The APG is among the world leaders in Pulse Amplitude Modulated (PAM) Fluorescence techniques, as evidenced by the other pages associated with this site. Furthermore, the work currently being done with H. banksii is an exclusive world-first to UTS. While there have been ecotoxicological applications of PAM Fluorometry previously, this is the first time a standardised bioassay has been investigated for development.
This research is being supported by and in collaboration with the Marine and Freshwater Research Institute of Victoria (MaFRI). This government research group have been involved in the development and extended use of H. banksii bioassays for a number of years. The bioassays used by MaFRI are based on morphological events in early life-stages; thus, the tests take a period of days before a result is obtained. From this, it has been concluded that there is a need for a rapid, sensitive method that can be performed over a shorter time span and give reliable results as to the impact of potentially harmful chemicals. Together, the APG of UTS and MaFRI, with their respective expertise, plan to develop a fluorescence-based bioassay with H. banksii that will fulfil this need.
The bioassay will be based around the Walz (Germany) fluorometer dubbed ToxY-PAM. Preliminary results suggest that H. banksii eggs or fertilized gametes will be exposed to a given toxicant for a set period, after which the photosynthetic capacity of the eggs/gametes will be assessed against a control by the ToxY-PAM fluorometer. Thus giving an indication of egg/gamete health and the potential toxicity of the tested xenobiotic. While it is this fast, sensitive test that forms the main part of the study, we are hoping to expand upon this to include other facets of H. banksii related fluorometry.

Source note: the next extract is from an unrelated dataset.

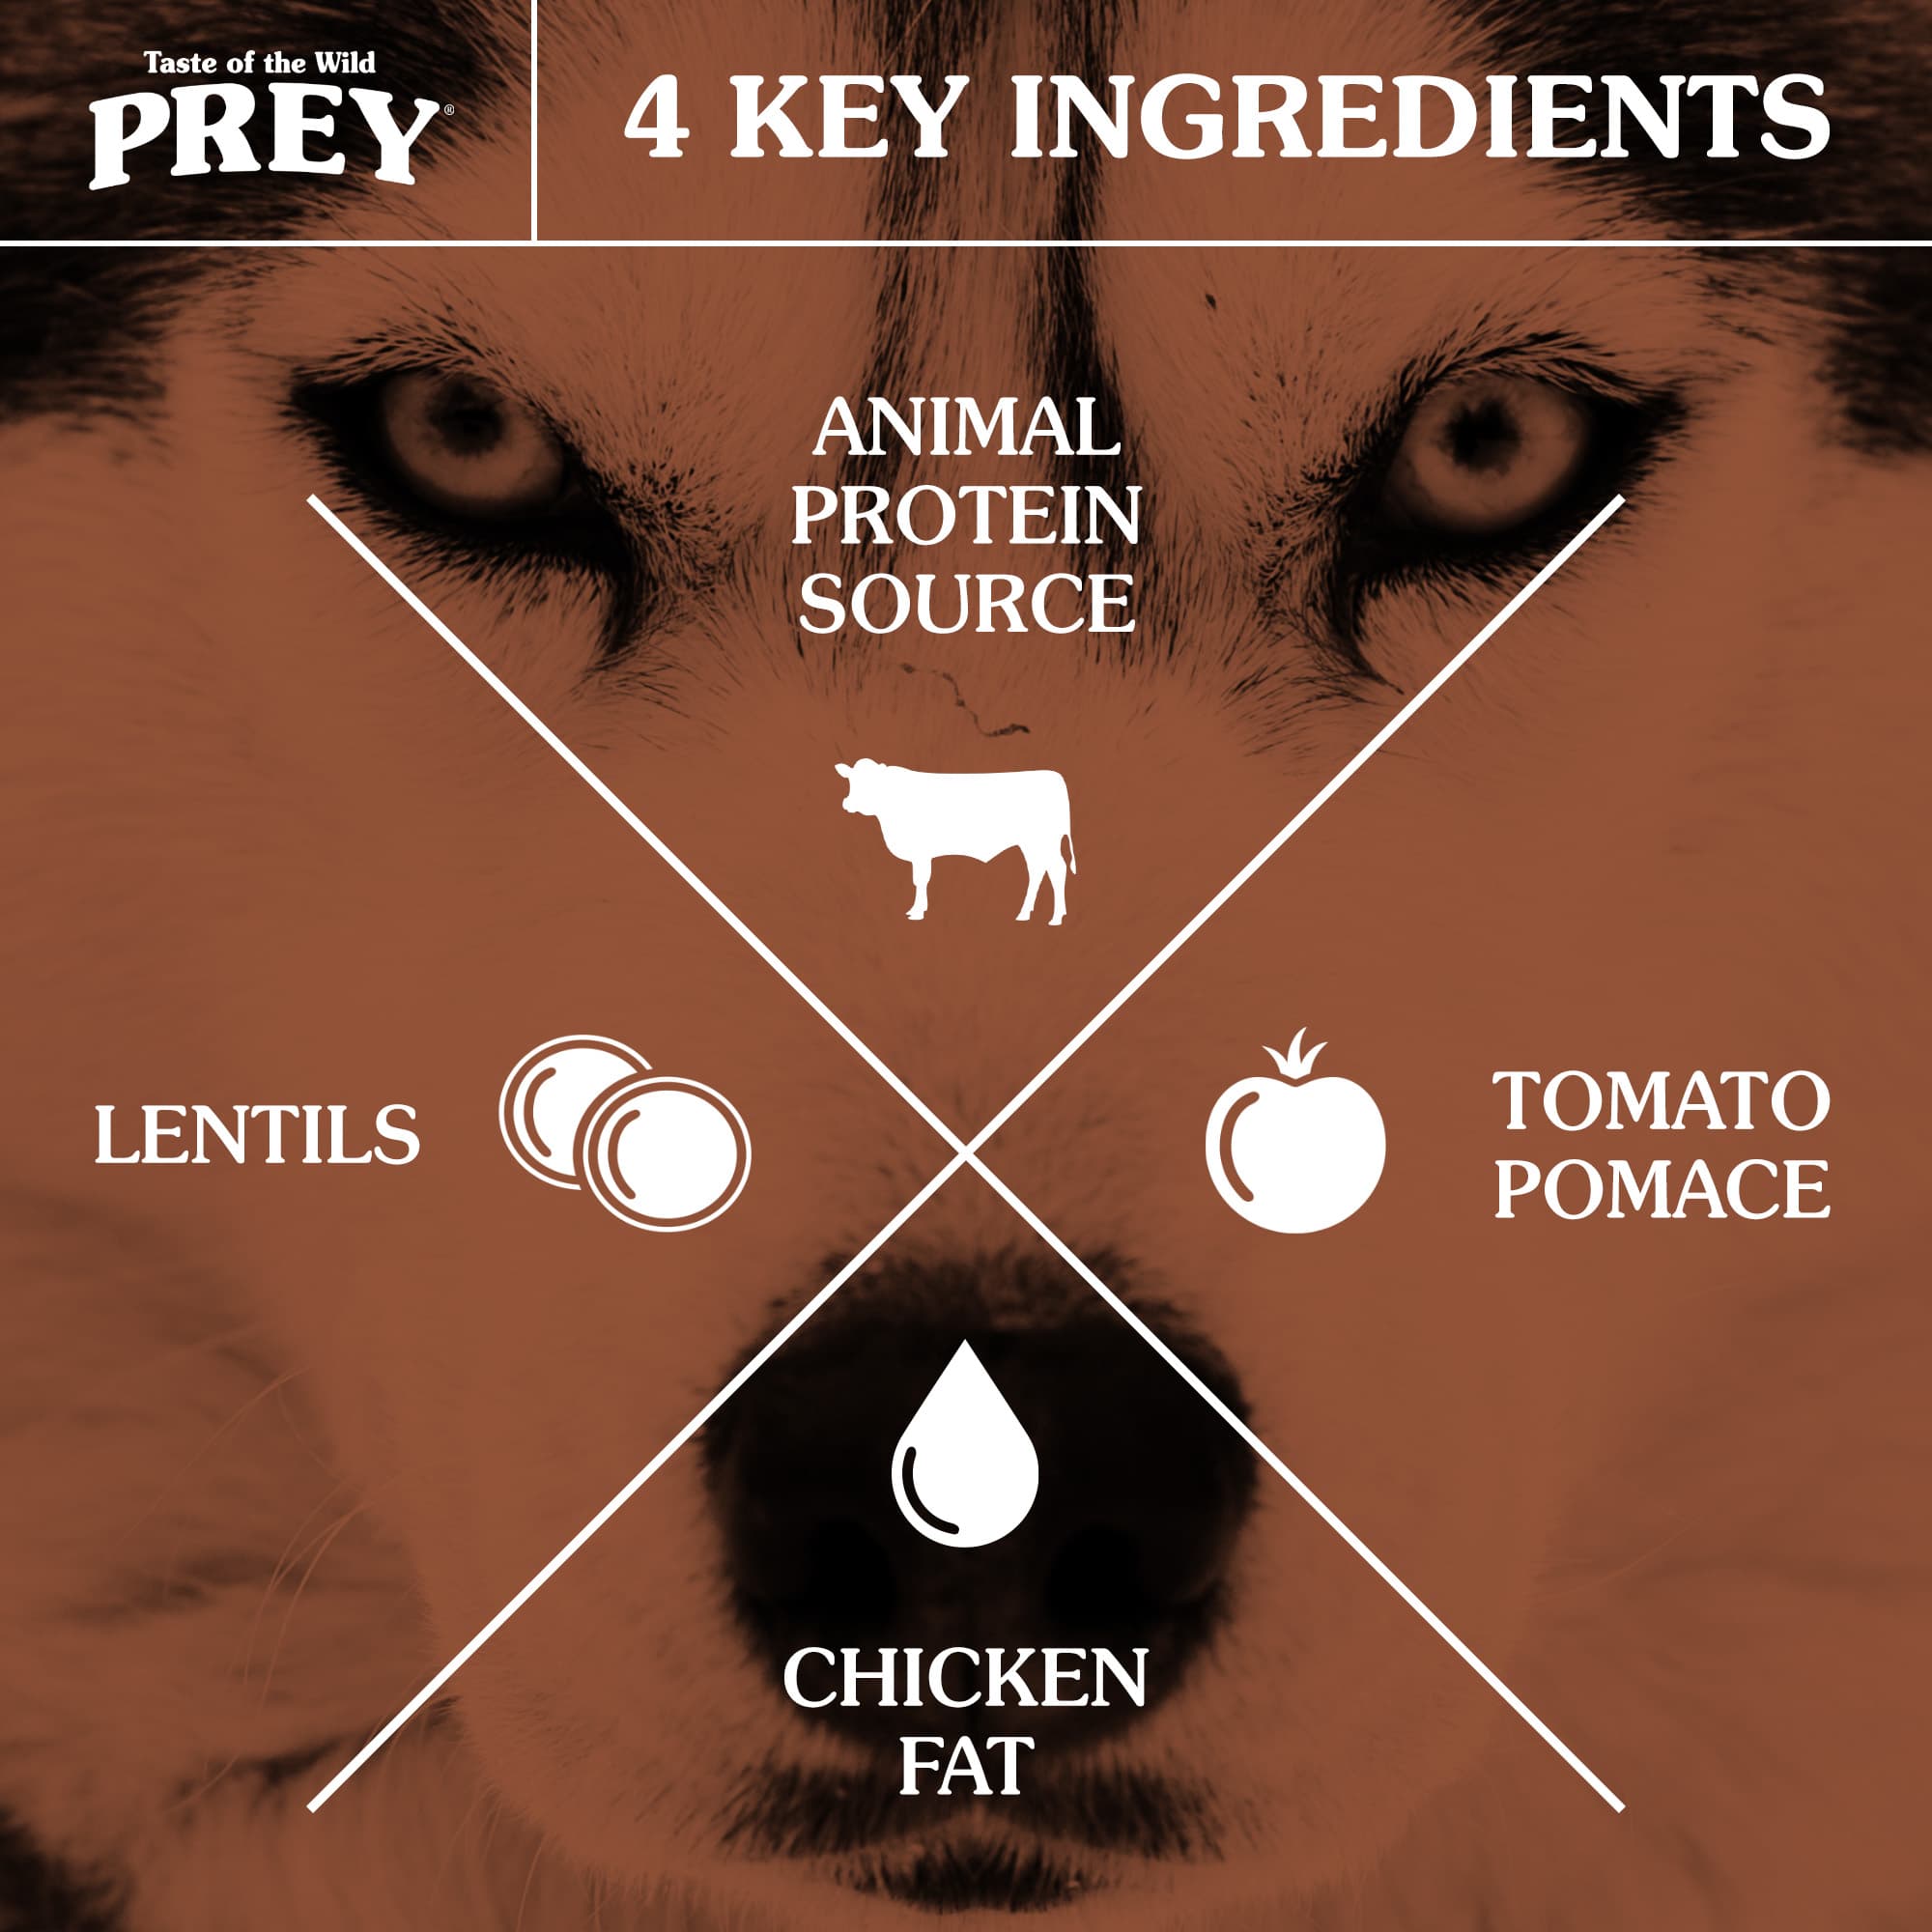 4 ingrédients clés pour chiens : source de protéines animales, pulpe de tomate, huile de tournesol et lentilles

Another of Walz’s fluorometers will be used in this study, the Microscopy-PAM. This instrument is capable of fast kinetics fluorometry, whereby the initial rise seen following a saturating pulse is broken down further in what is known as the JIP-test. It is hoped that the JIP-test and further developments made by the ABG will allow for identification of a signature curve that is specific to a broad class of contaminant. This development would give a great deal more information than the standard laboratory toxicity tests currently being performed and would provide a powerful tool in the identification of unknown toxicants, or identification of the toxic component of an unknown mixture.
In addition to defining protocols for the use of ToxY-PAM and Microscopy-PAM with H. banksii, this study will investigate the toxicokinetics of a range of environmental pollutants with H. banksii. That is, investigating the pathways and sites of action for chemicals that affect the viability of H. banksii gametes. Though this part of the study is considered to be secondary and has yet to be fully considered.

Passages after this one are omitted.